The reply must consist of the complete listing, reproduced exactly, with no images included.

Information provided
══════════════════════════════

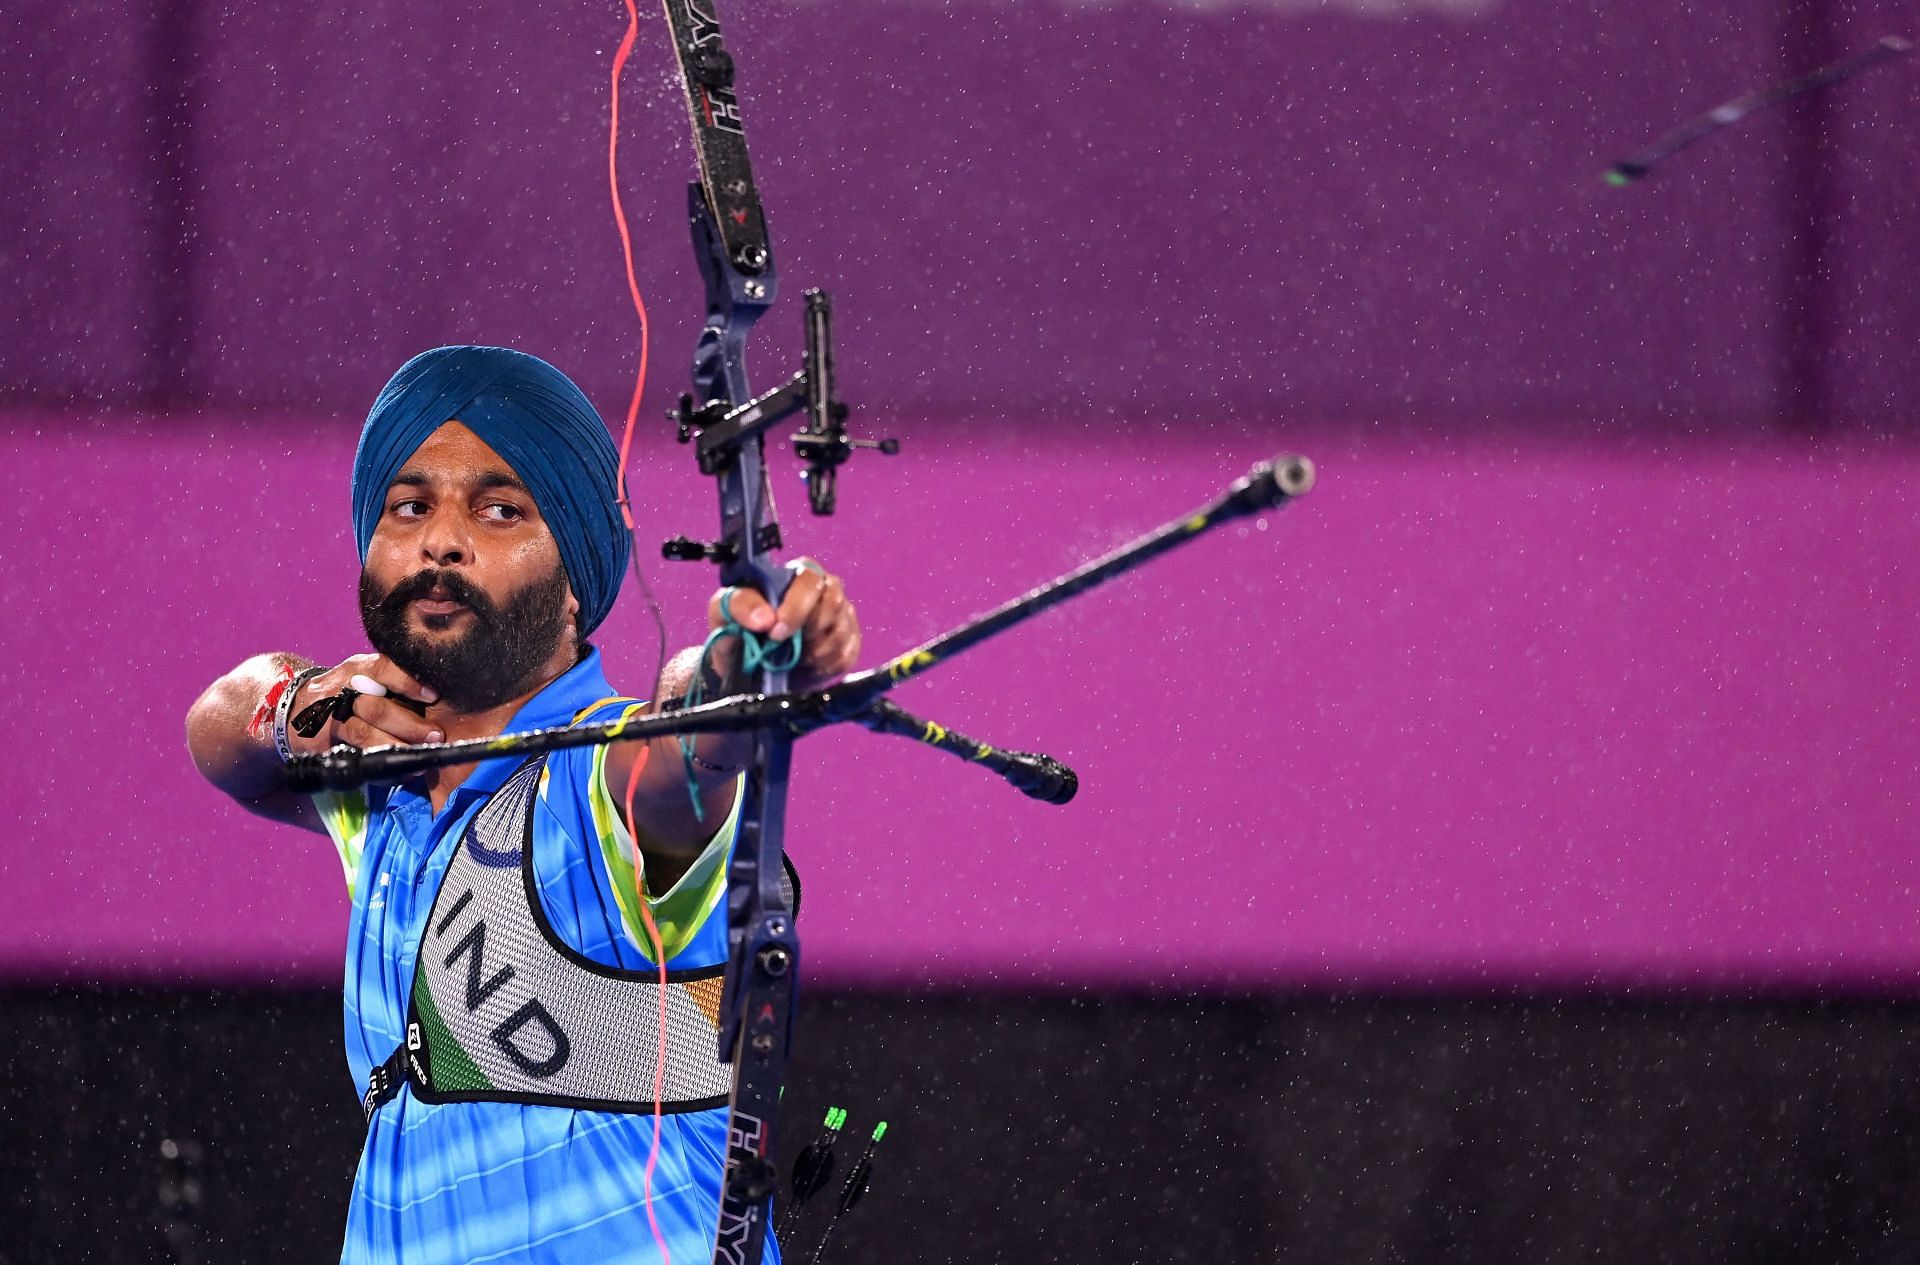 Harvinder Singh in action at 2020 Tokyo Paralympics
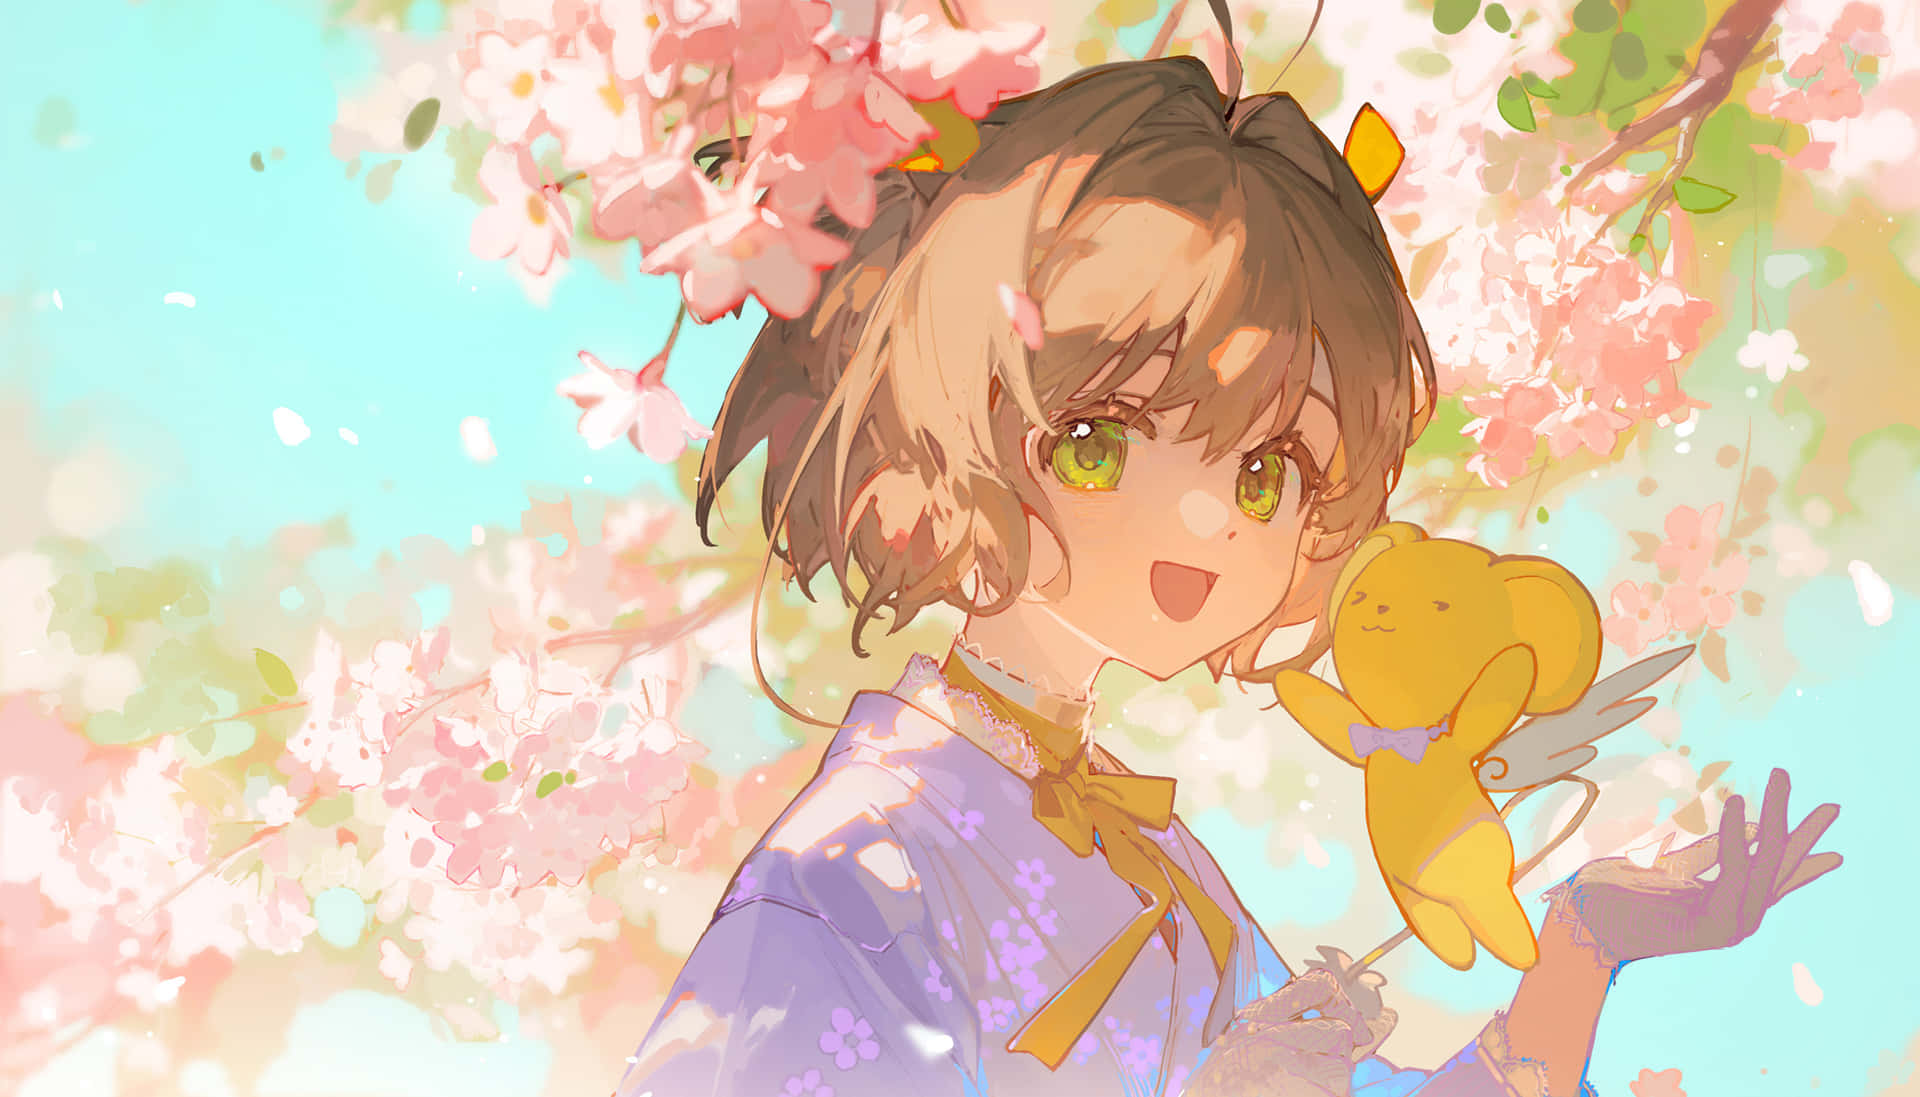 Sakura Background
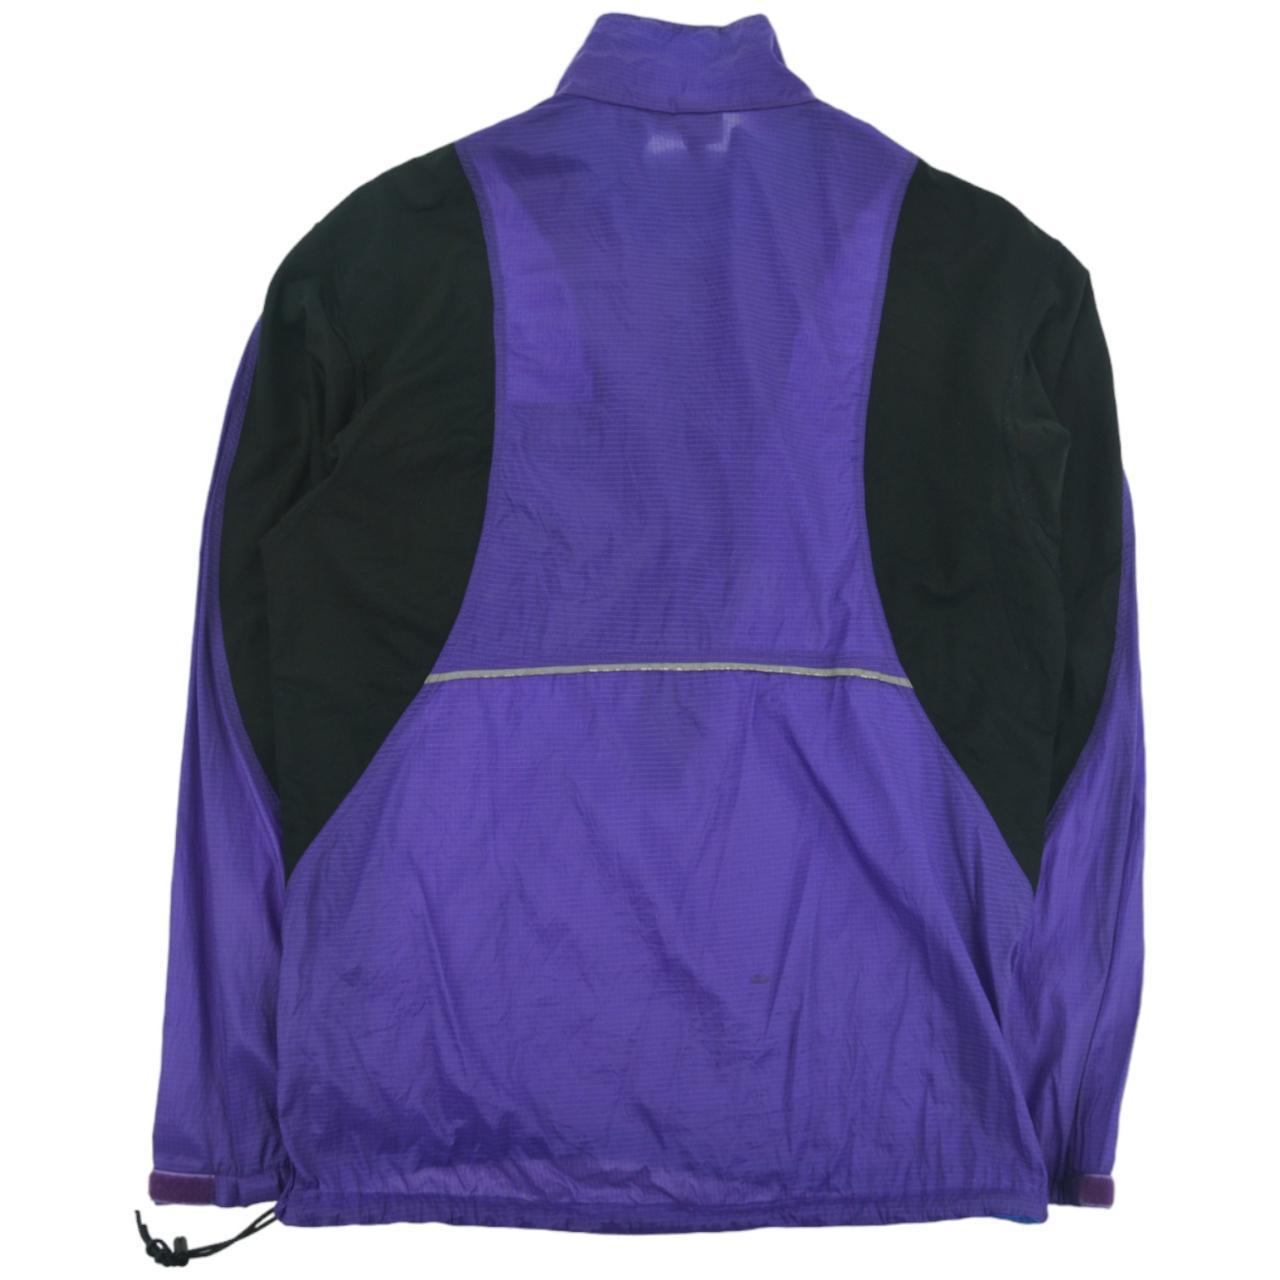 Vintage Patagonia Grid Jacket Size M - Known Source
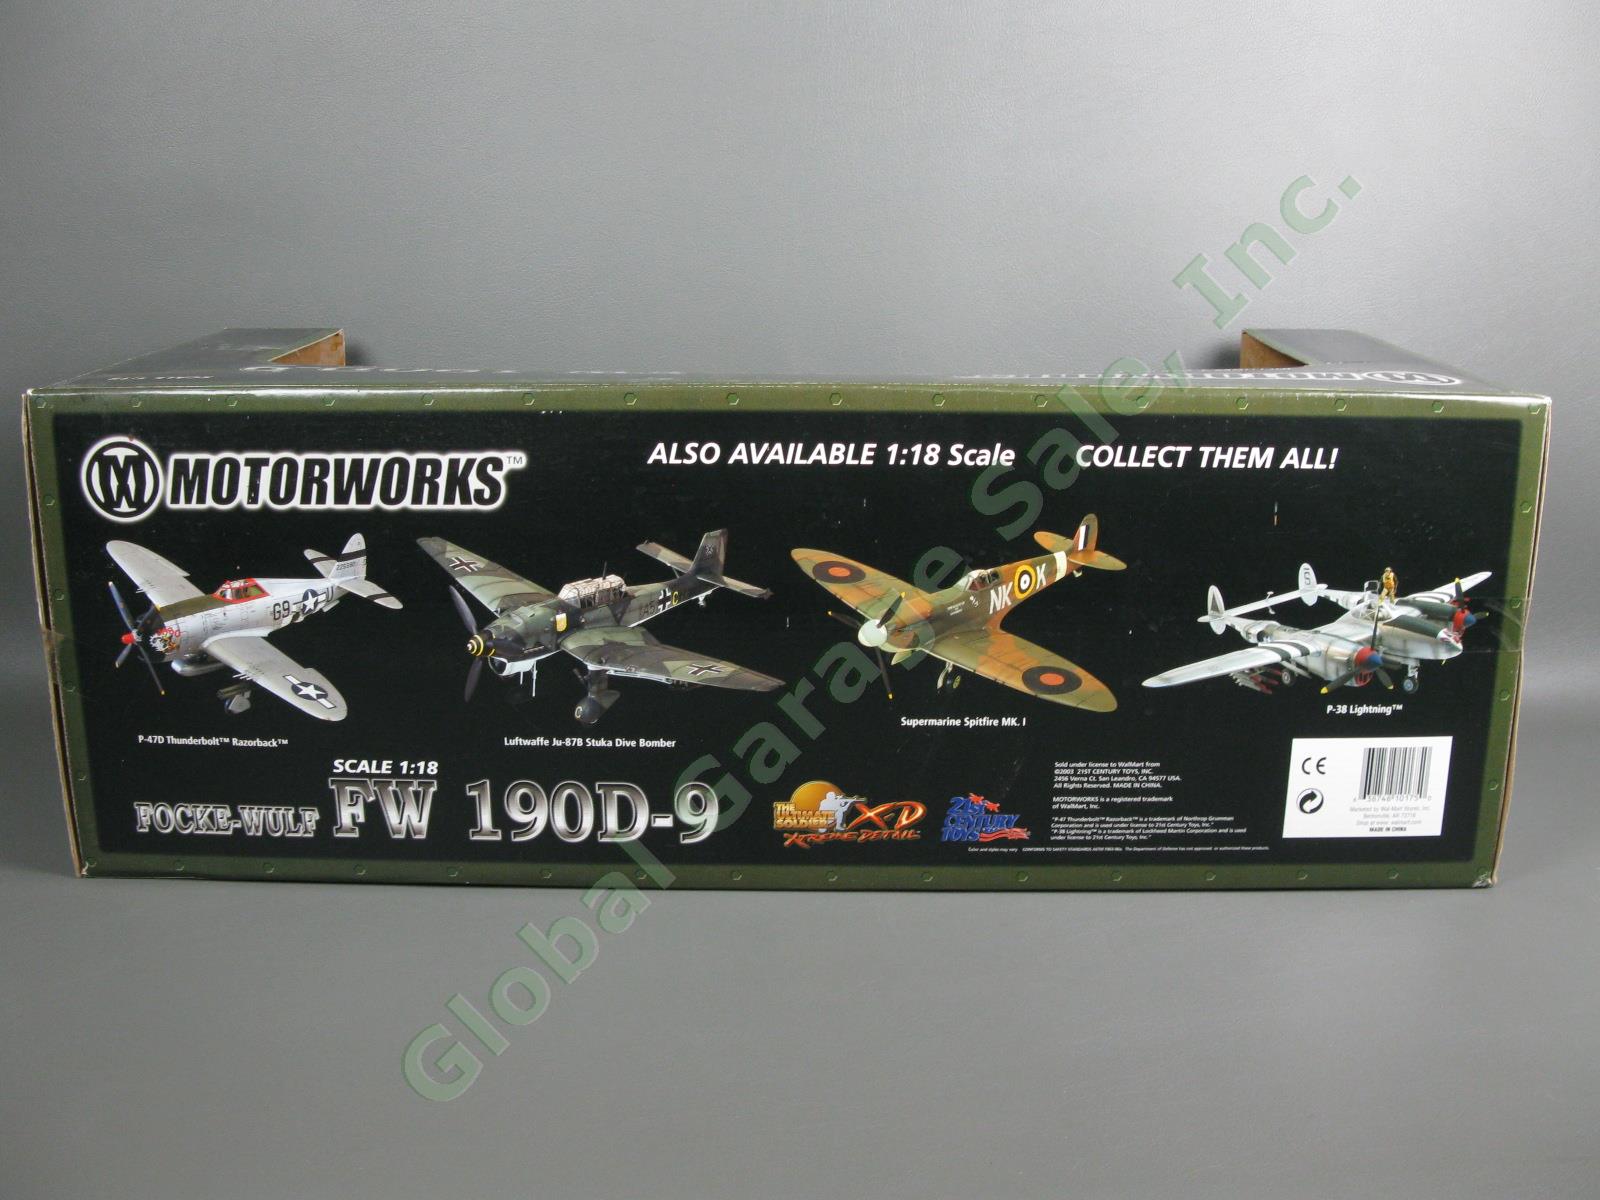 21st Century Toys Motorworks 1/18 WWII German Focke-Wulf FW 190D-9 Toy Plane NR 2

══════════════════════════════

Task response
 Harvinder Singh in action at 2020 Tokyo Paralympics
 Sakura Background
 Vintage Patagonia Grid Jacket Size M - Known Source
 21st Century Toys Motorworks 1/18 WWII German Focke-Wulf FW 190D-9 Toy Plane NR 2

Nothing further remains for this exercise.